Anne with an E

Not your mother's Anne of Green Gables

Anne of Green Gables is my mother’s favorite movie. She watches the 1980’s version several times every year. I will not mention this new version to her, for Anne with an E opens a window to the trauma that fills Anne’s memories.

I encourage fans of the books and previous incarnations to give this version a chance.

While many of the situations that the 1980s version uses for great humor remain in this new take, they often have a more painful subtext. You will not laugh away your tough day watching the antics of this Anne. The 1980s version is closer to the book, while the writer for this Netflix version, Moira Walley-Beckett, brings in a greater amount of darkness. This should not surprise anyone, given her years of work on Breaking Bad.
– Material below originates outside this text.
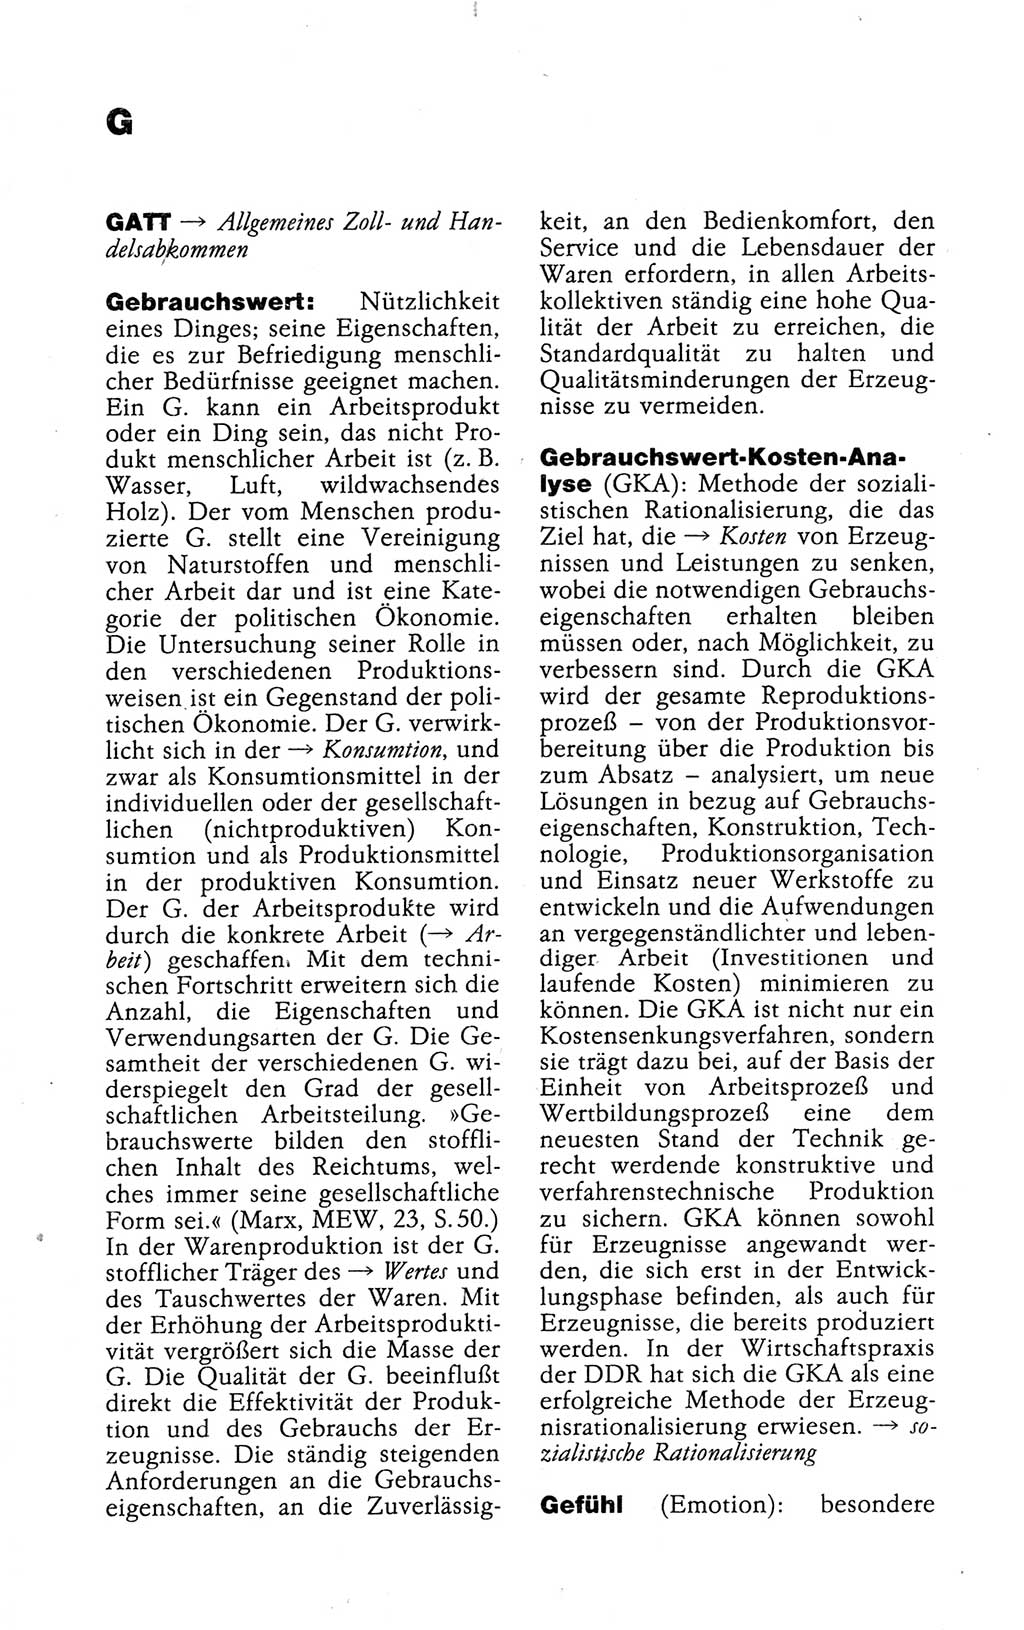 Kleines politisches Wörterbuch [Deutsche Demokratische Republik (DDR)] 1988, Seite 304 (Kl. pol. Wb. DDR 1988, S. 304)

Amybeth McNulty as the plucky, dreaming girl who ends up at Green Gables is a marvelous mixture of over-the-top imagination and determination, and who only occasionally reveals the deep trauma she experienced. This version offers more of the backstory: the abuse, abandonment, and neglect that Anne experienced before a mistaken communication landed her at the train station where Matthew Cuthbert picks her up.

The flashbacks offer a window into the servitude she was forced into as an orphan; watching Mr. Hammond die of a heart attack as he viciously beats her does not return the audience to laughter so quickly. This revealed darkness makes the story seem more contemporary and stark. The tension in the drama over whether Anne should stay at Green Gables or be sent somewhere else plays at a much higher note.

Does this improve on earlier versions? Probably not, but it does offer an equally compelling story. It makes us feel at a deeper level how affected Anne is by her traumatic past and how amazingly different her experience at Green Gables is. When she claims that girls can do anything that boys can do, as she urges the Cuthberts to let her stay, we understand her motivation to try anything to stay away from the orphanage. To go from having no value other than as a house servant to being part of a family is starkly evident in this adaptation. To be a young girl without a family is an unenviable position. Positive thinking and humor only go so far, and that is where this Anne grabbed me.

The landscapes are high contrast and lack the oversaturated greens, which reminds us we are not in a fairy tale and all may not end happily. The vistas are beautiful and have a cinematic quality that the earlier production never attempted.

Anne with an E may try too hard to be relevant as it pushes issues of feminism and environmentalism. This seemed most evident in the episode of the house fire, where everyone seems to be against Anne until she shows them how to save the house. Were there really no adults who had yet discovered how air and fire interact? The opposition to her is so over the top that it becomes unbelievable. Can’t writers find narrative ways to demonstrate an issue without making everyone appear either black or white while offering few models of empathetic behavior? Humans and their stories should offer more complexity. I appreciated this nuance as we see under the surface the trauma that Anne carries, but I wanted that complexity to be extended to other characters as well.

The other scene that seems to offer false notes is when Matthew looks for solutions to the potential loss of the farm. I won’t share what happens, but it seems out of character for the one developed in the series. Marilla and Matthew have backstories built into this adaptation, but they don’t assist with character development in the same way that Anne’s anger, fear, and daydreaming flow naturally from the revealed backstory.

The opening credit sequence is an amazing collage of multilayered faces and objects of nature moving as if part of a time-lapse and in perfect sync with a mournful tune, Ahead by a Century performed by The Tragically Hip. I actually want to see the images every time a new episode played.

I encourage fans of the books and previous incarnations to give this version a chance. I don’t consider this to be family fare, so parents may want to be cautious. Anne is growing up, and wails when experiencing her first period, “But, I’m not ready to be a woman.” This is a grownup version that exposes the deep trauma of Anne’s past, which makes the love in her current life so much richer.

 

All reviews express the opinions of the reviewer, not necessarily the views of Third Way.